→ **Available data**:
·····

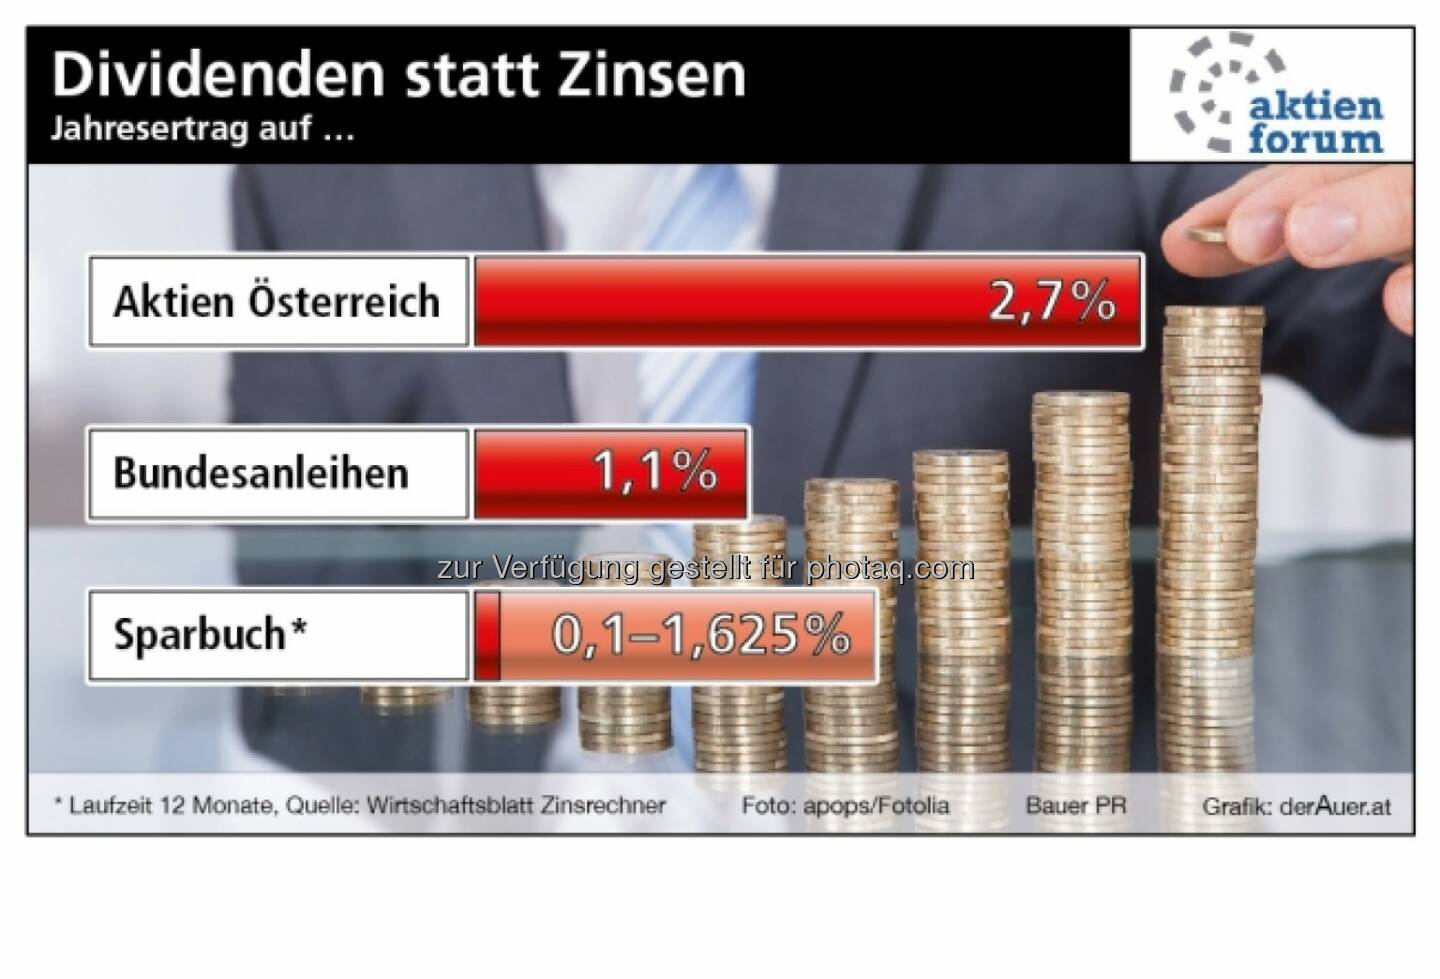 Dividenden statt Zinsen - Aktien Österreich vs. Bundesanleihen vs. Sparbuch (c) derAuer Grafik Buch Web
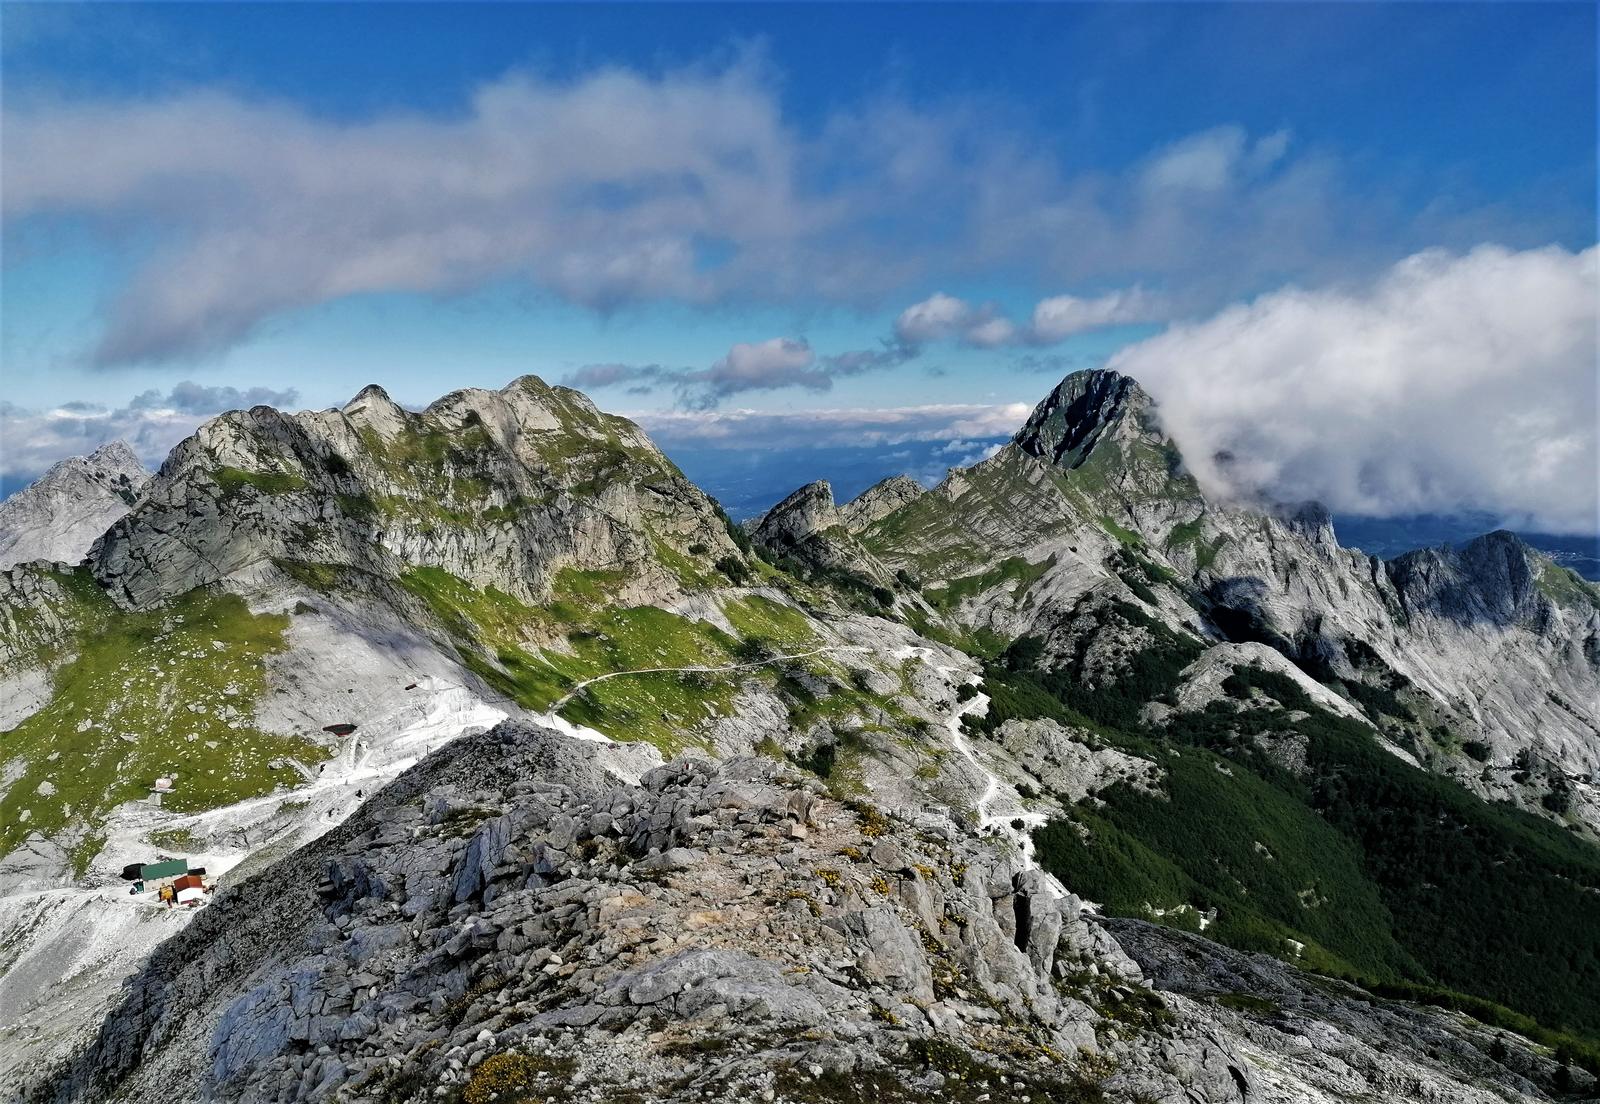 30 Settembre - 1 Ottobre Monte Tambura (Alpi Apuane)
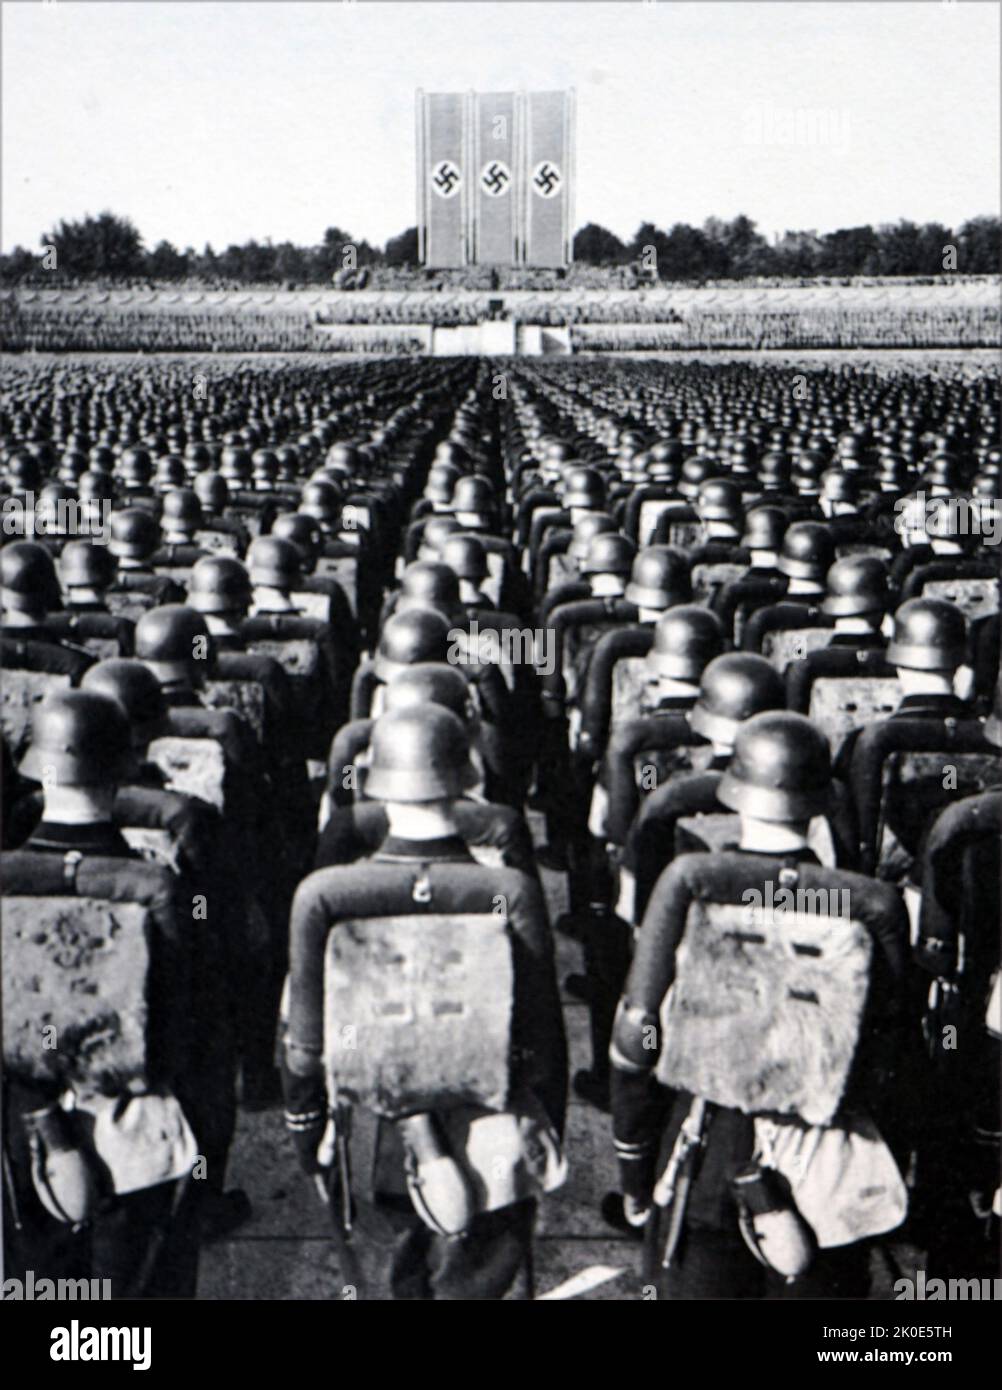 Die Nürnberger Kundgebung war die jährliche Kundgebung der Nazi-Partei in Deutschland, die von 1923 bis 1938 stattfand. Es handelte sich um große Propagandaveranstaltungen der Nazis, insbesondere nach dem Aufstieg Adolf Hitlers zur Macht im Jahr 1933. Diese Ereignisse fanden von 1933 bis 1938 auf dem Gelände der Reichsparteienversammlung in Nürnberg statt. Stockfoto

·····

→ **Problem statement**: The expected answer consists solely of the lines from the one with "30 Settembre - 1" through the last line of the listing above, restated exactly, minus any pictures.

→ **Response below**:
 30 Settembre - 1 Ottobre Monte Tambura (Alpi Apuane)
 Die Nürnberger Kundgebung war die jährliche Kundgebung der Nazi-Partei in Deutschland, die von 1923 bis 1938 stattfand. Es handelte sich um große Propagandaveranstaltungen der Nazis, insbesondere nach dem Aufstieg Adolf Hitlers zur Macht im Jahr 1933. Diese Ereignisse fanden von 1933 bis 1938 auf dem Gelände der Reichsparteienversammlung in Nürnberg statt. Stockfoto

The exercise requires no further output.